Der Zwerg beugte ein Knie vor dem König.»Euer Gnaden.«
«Ihr«, sagte Joffrey.
«Ich«, bestätigte der Gnom,»obwohl ein höflicherer Gruß angebracht wäre, wo ich doch zum einen Euer Onkel und zum anderen der Ältere bin.«
«Man sagte, Ihr wäret tot«, warf der Bluthund ein.
Der kleine Mann warf dem Größeren einen Blick zu. Eines seiner Augen war grün, das andere schwarz, aber beide hatten dieselbe Kälte gemeinsam.»Ich habe mit dem König geredet, nicht mit seinem Köter.«
«Ich bin froh, daß Ihr nicht tot seid«, verkündete Prinzessin Myrcella.

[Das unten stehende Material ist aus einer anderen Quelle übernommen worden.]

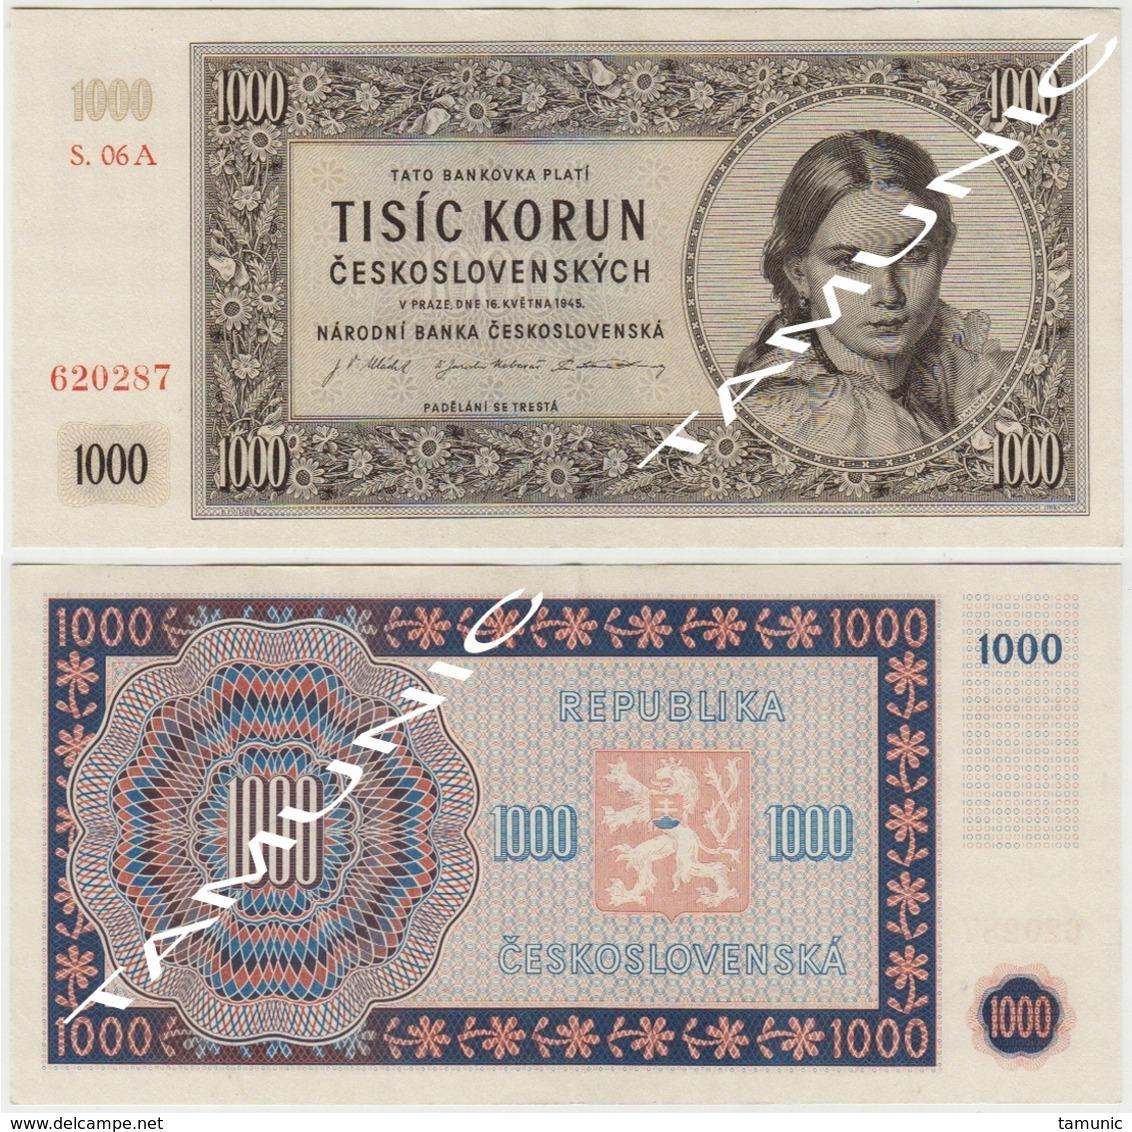 CZECHOSLOVAKIA CESKOSLOVENSKA 1000 Korun 1945 - Tchécoslovaquie

«Darin sind wir uns gewiß einig, süßes Kind. «Tyrion wandte sich an Sansa.»Mylady, mein Beileid angesichts Eurer schweren Verluste. Den Göttern mangelt es wahrlich nicht an Grausamkeit.«
Sansa fiel keine Erwiderung ein. Wie konnten ihm ihre Verluste leid tun? Verspottete er sie? Nicht die Götter waren grausam, sondern Joffrey.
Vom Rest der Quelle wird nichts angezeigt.